Assignment:
Beginning with the line where "Представлено новое поколение" appears, restate each line word for word until the data ends. Pictures do not go in.

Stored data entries
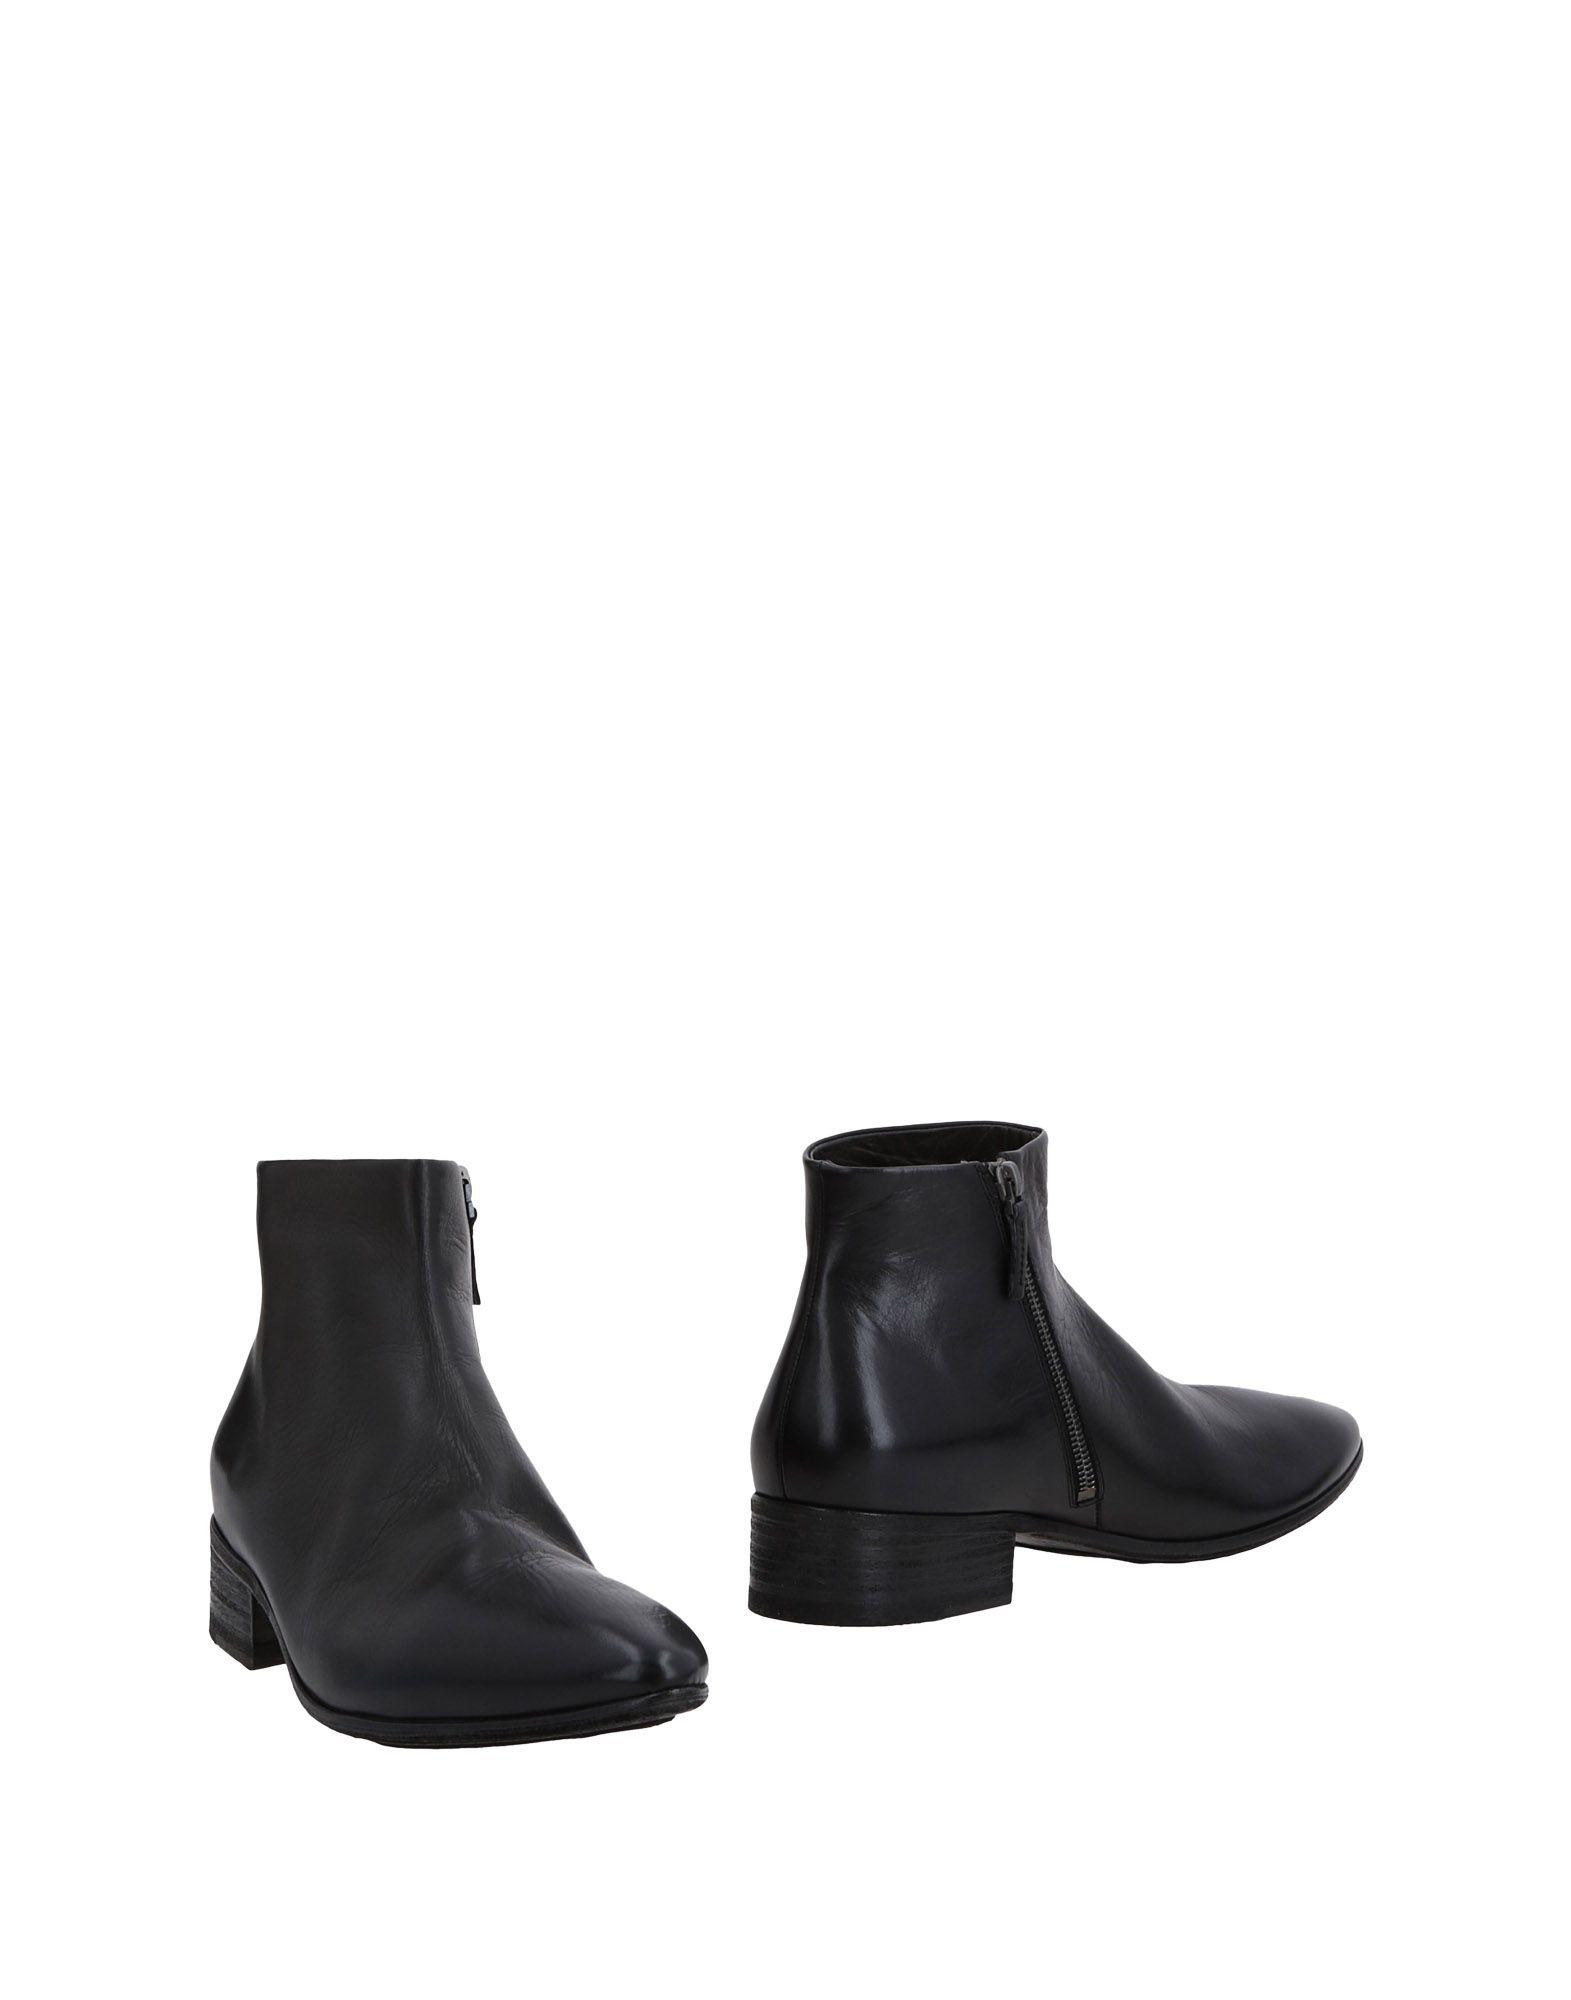 Marsèll Stiefelette Herren  11480049XP Gute Qualität beliebte Schuhe
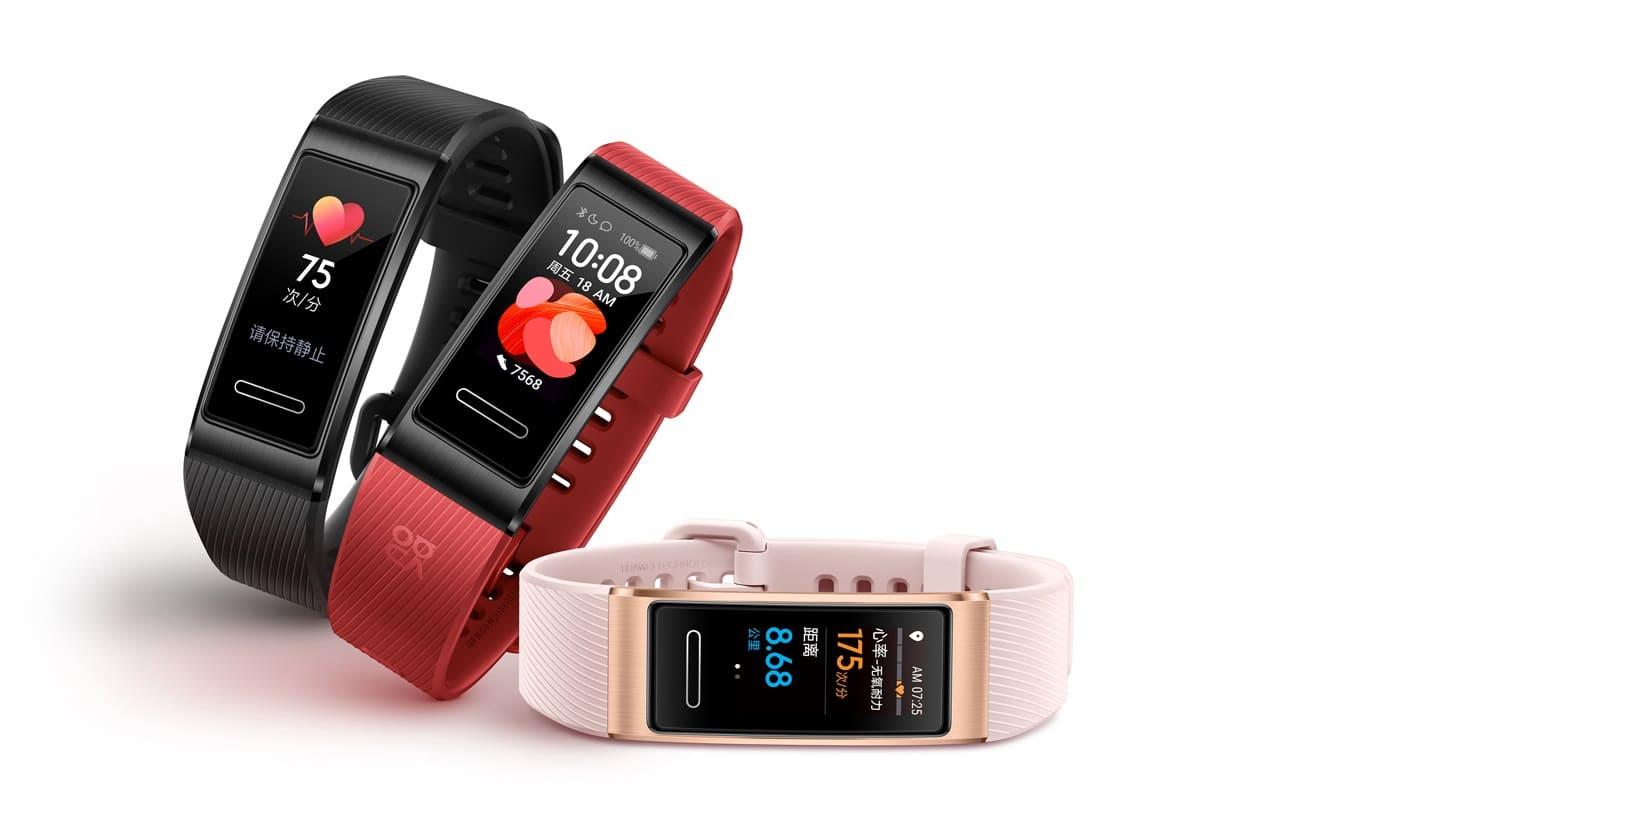 Представлено новое поколение часов Huawei Band 4 Pro c NFC и пульсометром
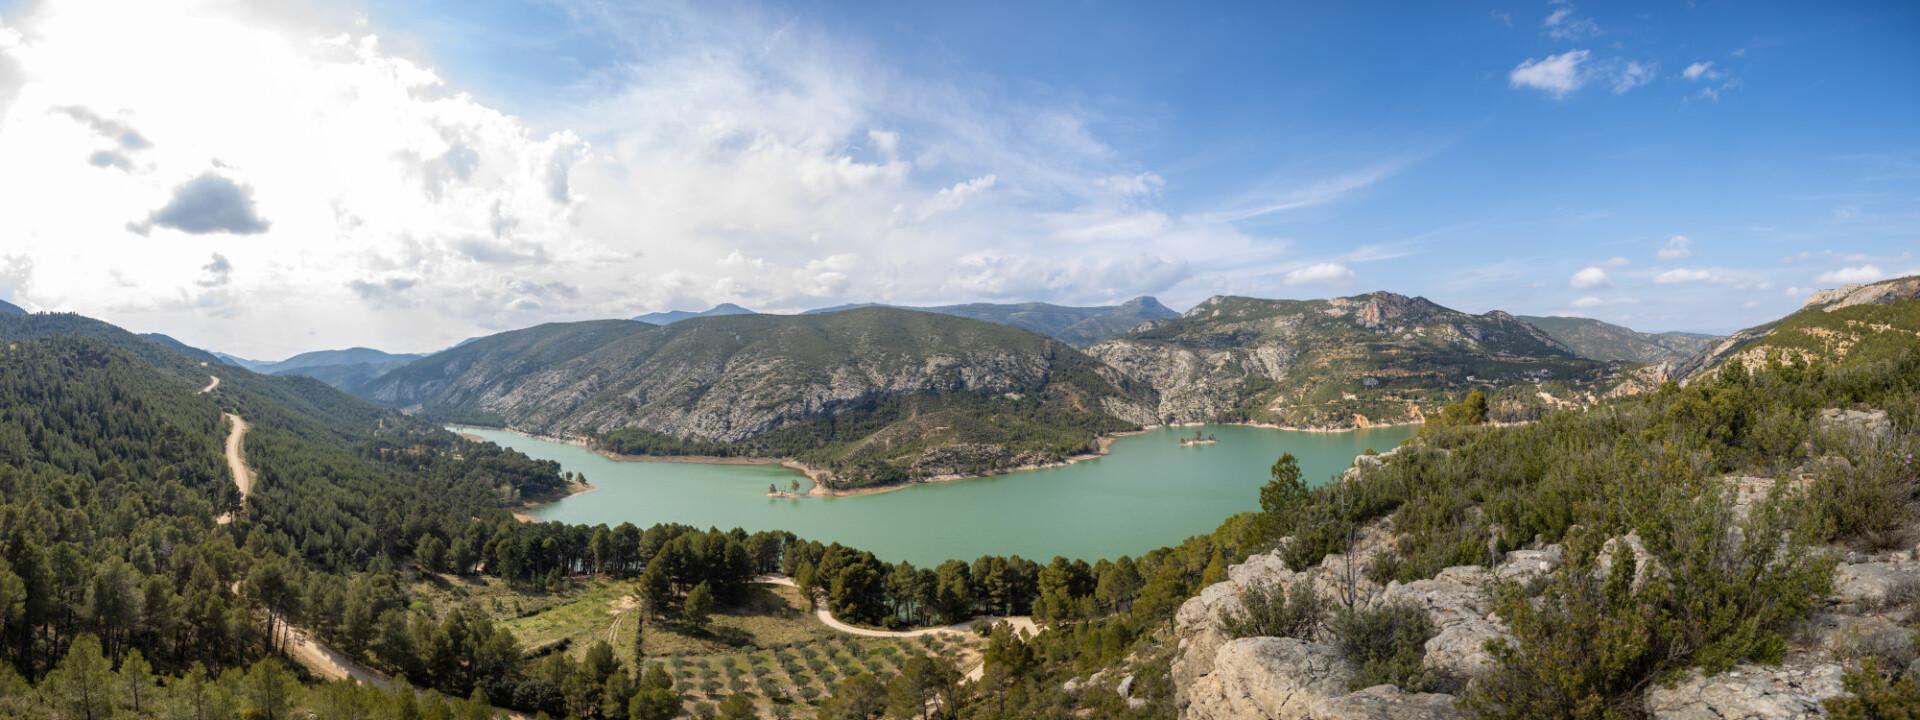 Barranco de la Hoz Landscape in Spain
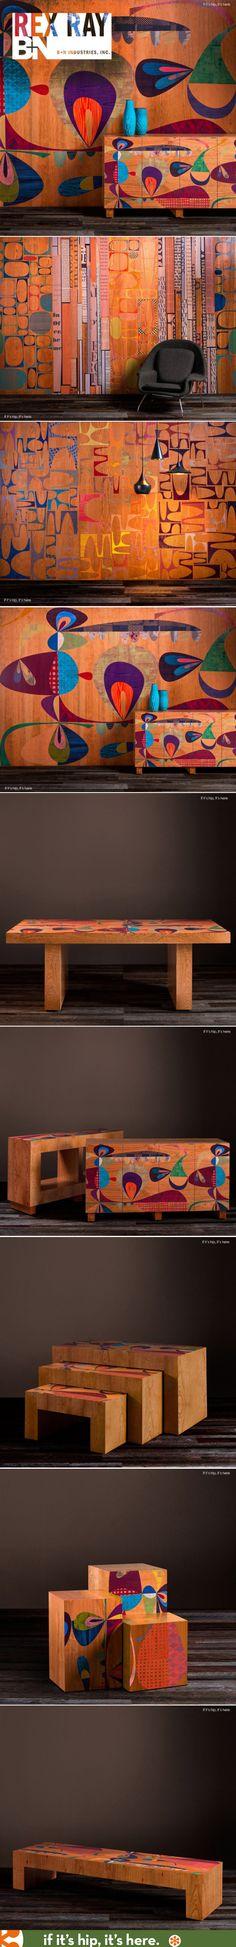 intérieur, déco : Rex Ray for B+N Industries. panneaux de bois et mobilier peint, peinture décorative
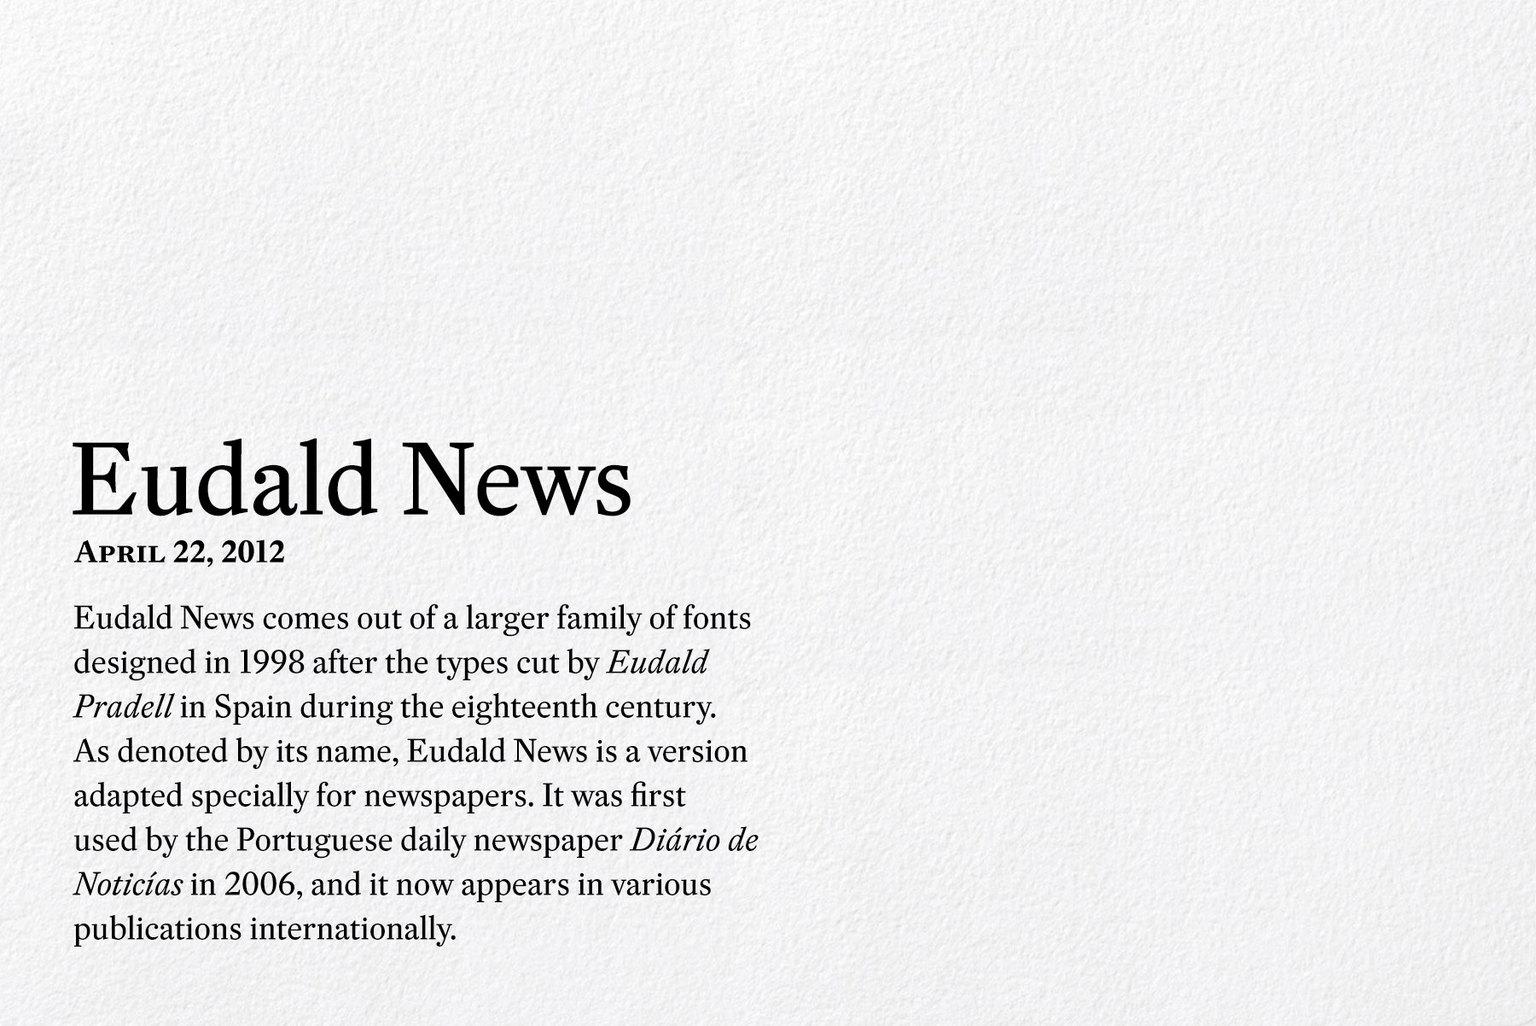 Vllg feliciano news eudaldnews
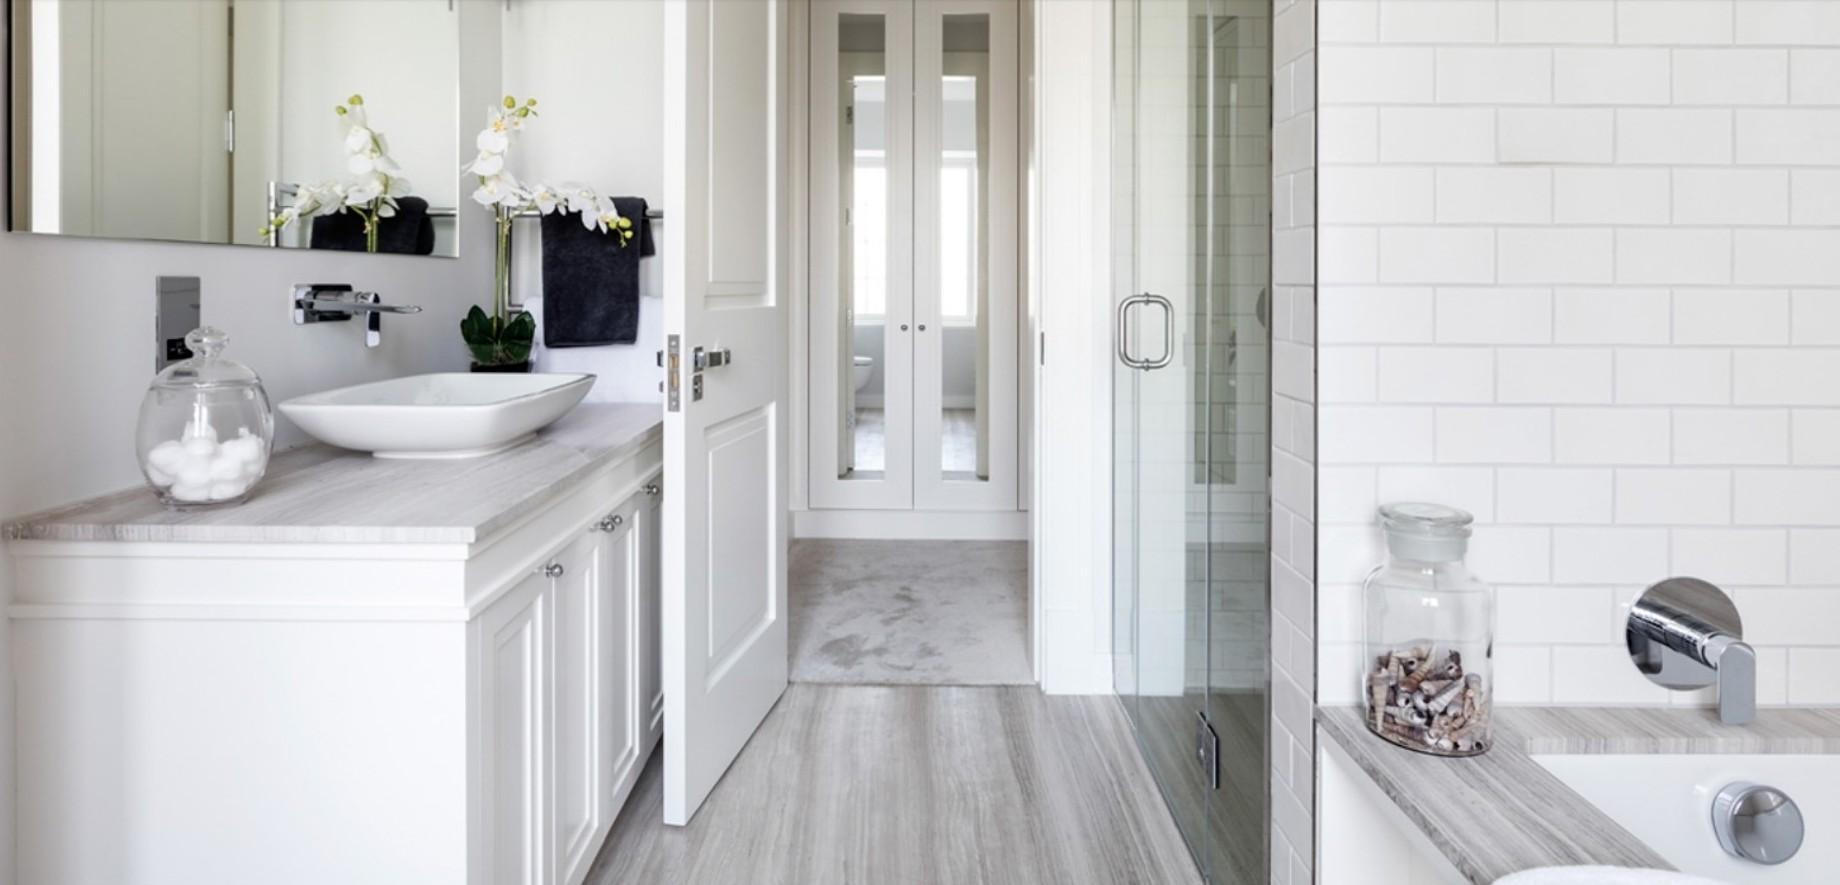 Laurel Grove bathroom 2.jpg

Answer below:
 Представлено новое поколение часов Huawei Band 4 Pro c NFC и пульсометром
 Barranco de la Hoz Landscape in Spain
 intérieur, déco : Rex Ray for B+N Industries. panneaux de bois et mobilier peint, peinture décorative
 Vllg feliciano news eudaldnews
 Laurel Grove bathroom 2.jpg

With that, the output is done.